Twenty weeks down to twenty minutes

I had a simulation this week that I estimated would take 20 weeks to run. This estimate was based on too small a run. A more reliable estimate based on a longer run was 300 CPU hours, about two weeks running on a single processor. Before I split the problem up to run in parallel, I wanted to see if I could make each thread run faster.

The most expensive part of the simulation is a function that takes in four integer parameters and does a numerical integration. Each parameter could be any value from 0 to 120. So in principle there are 121⁴ = 214,358,881 possible parameter combinations. I knew that some of these combinations were extremely unlikely or impossible, so I thought I could reduce the execution time by caching the most commonly called parameters. Maybe a few thousand arguments would account for most of the function calls.

I saved the function arguments and computed values in map, a.k.a. dictionary, associative array, etc. (The buzz word for this is memoization.) I set a maximum size on the map because I thought it could grow very large. Even if, say, a thousand arguments accounted for most of the function calls, maybe there were many more that only appeared once.
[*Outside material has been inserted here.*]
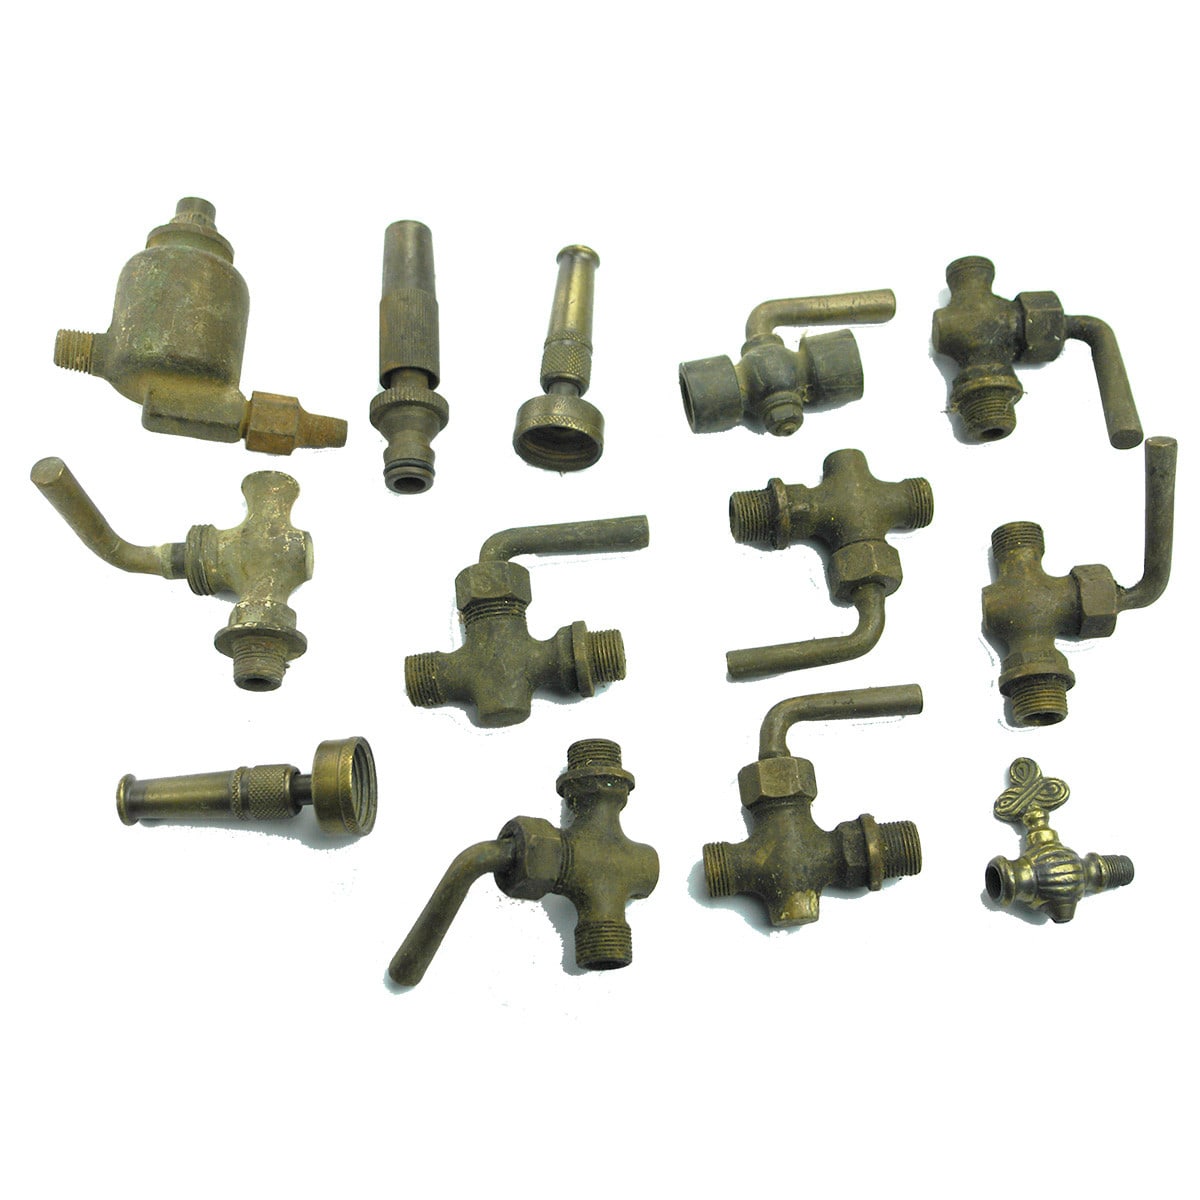 13 Brass and Cast Iron taps, connectors, hose ends.

It turned out that the function was only called with 408 distinct parameter combinations. That means the same integrals were being evaluated millions of times. Caching these values reduced the execution time by a factor of about 800. In other words, the software could retrieve a previously computed value 800x faster than compute it from scratch.

The simulation that would have taken 300 hours took only 22 minutes, and so there was no need to make it run in parallel.

Update: I found a bug in my hashing algorithm. After fixing the bug, the time to run my simulations increased to 38 minutes. So my speed-up was a about a factor of 420 rather than 800, but still enough to run on one thread over lunch. The number of distinct arguments to the numerical integration was much more than 408 in the corrected program, but still small enough to cache.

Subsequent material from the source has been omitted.